- [EXERCISE PROMPT]: What you should give back is a precise copy of the lines below from the one containing "pdf for mac free download" through the one containing "ice cream layer in freezer safe container", with no pictures.
____ DATA RECORDS
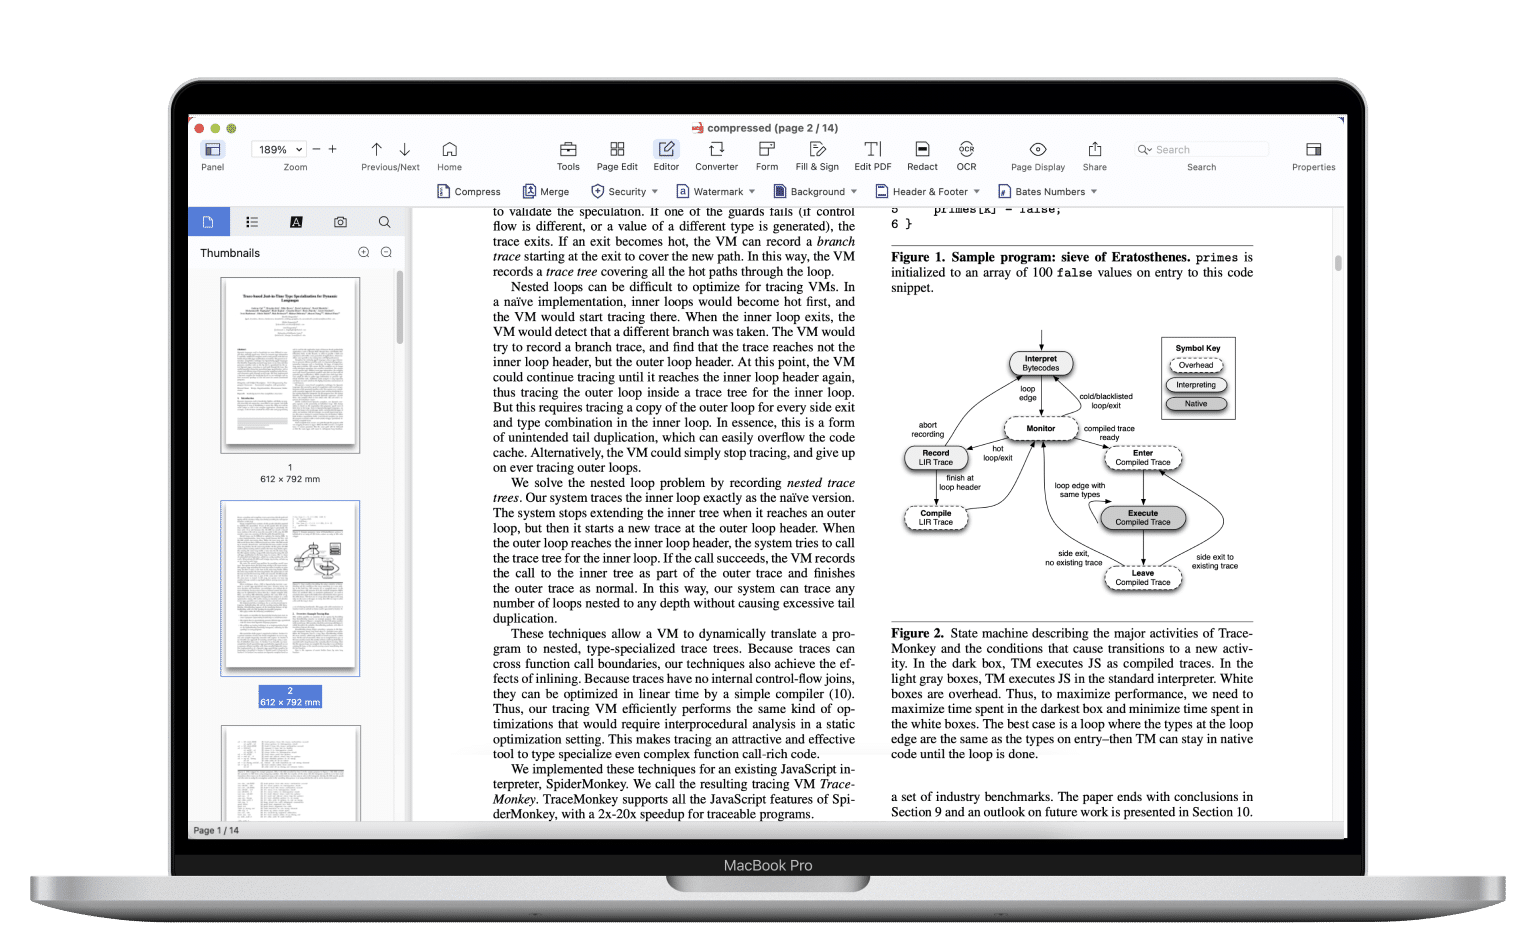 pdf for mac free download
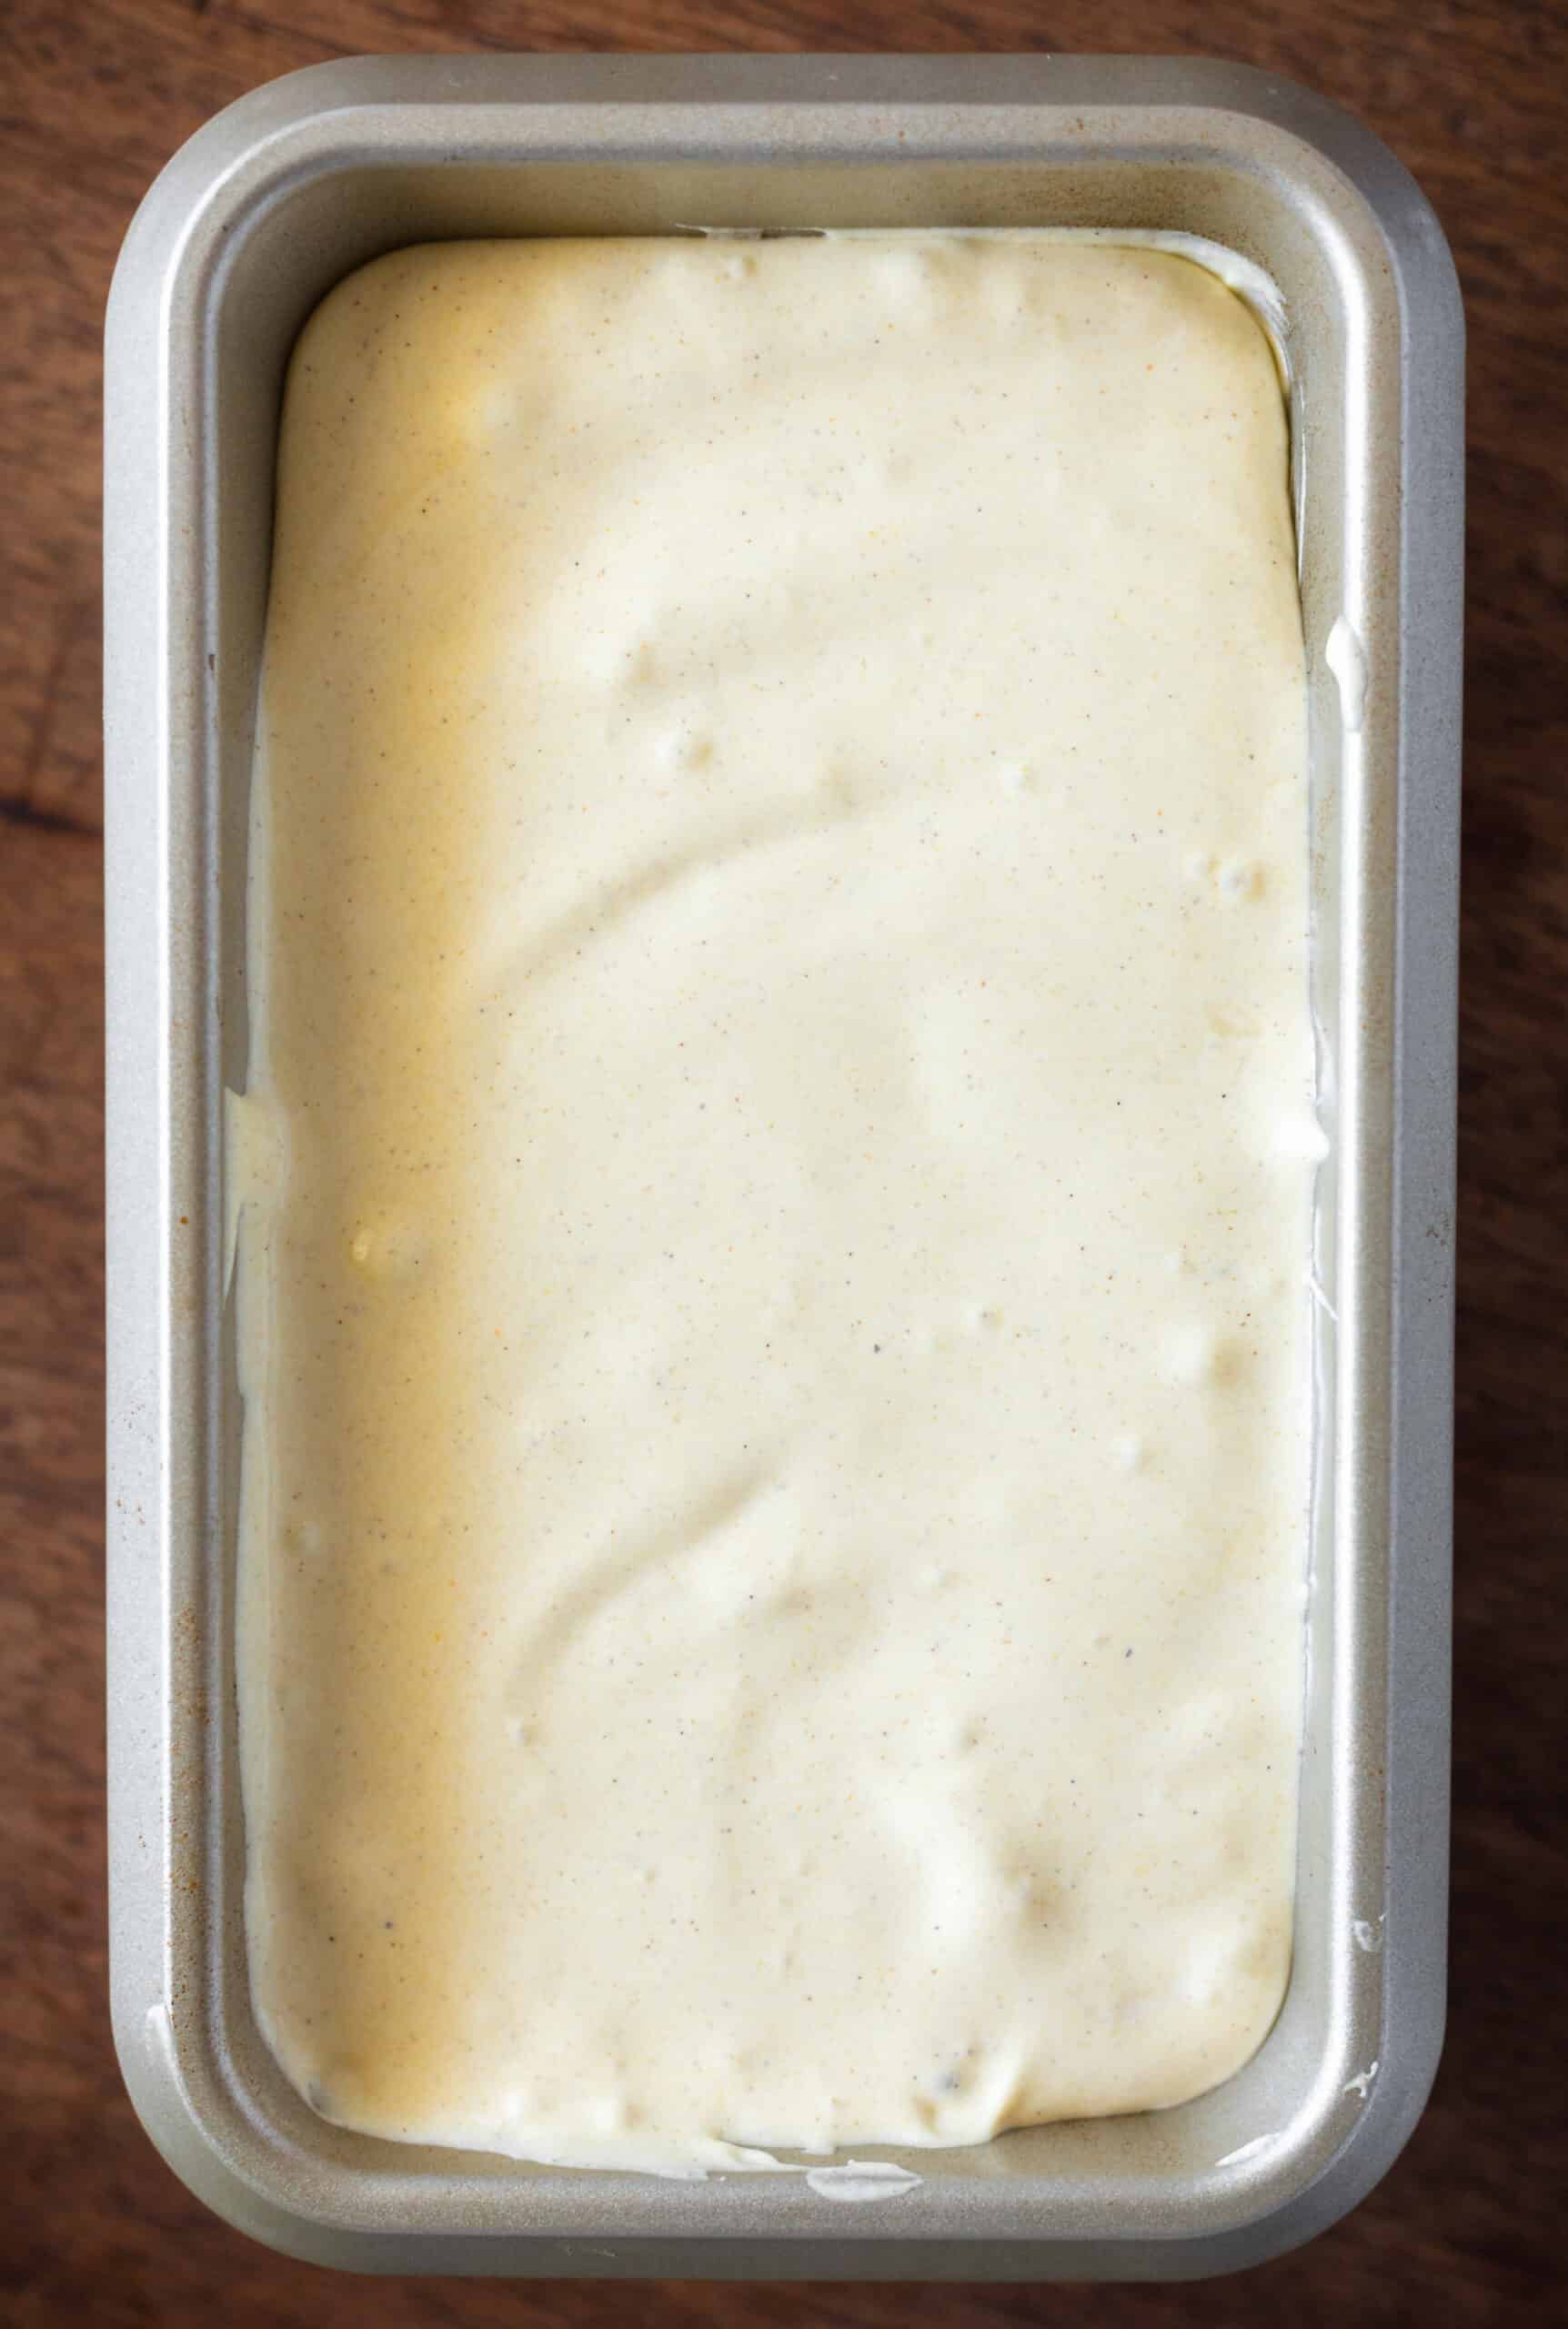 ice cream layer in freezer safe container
________
____ DATA RECORDS
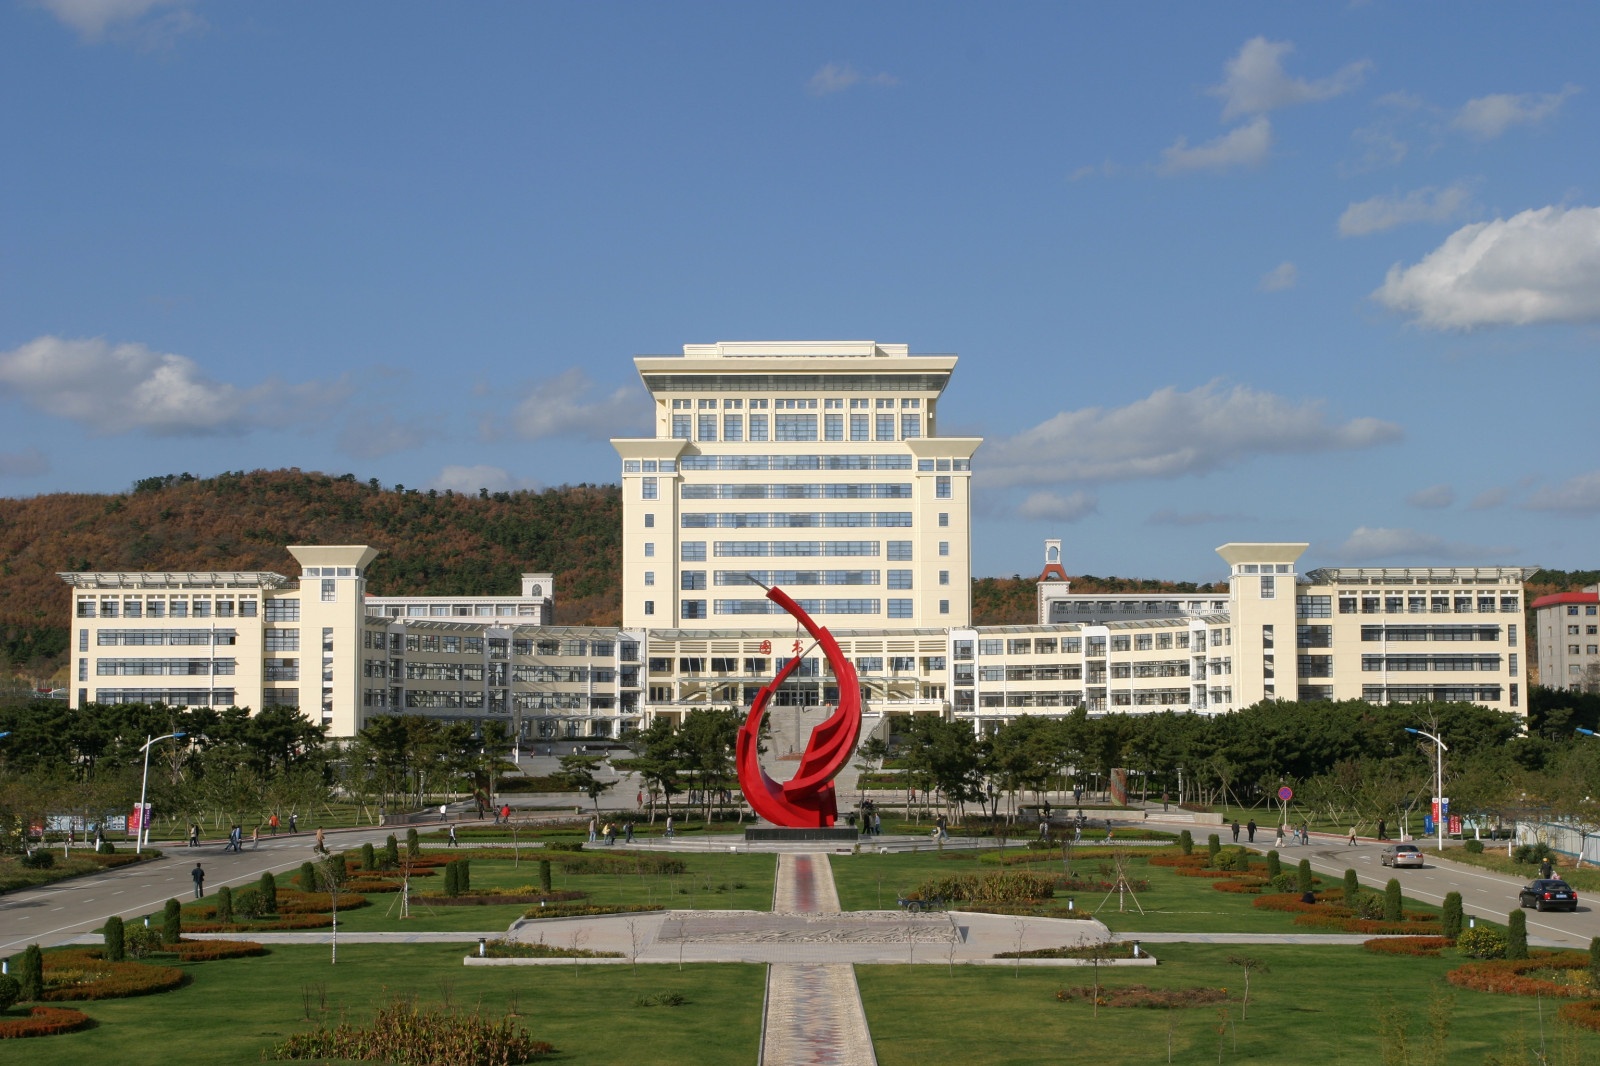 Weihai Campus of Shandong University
________
____ DATA RECORDS
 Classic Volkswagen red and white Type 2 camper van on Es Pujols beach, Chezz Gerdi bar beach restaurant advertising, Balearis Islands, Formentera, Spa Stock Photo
________
- [TASK SOLUTION]:
 pdf for mac free download
 ice cream layer in freezer safe container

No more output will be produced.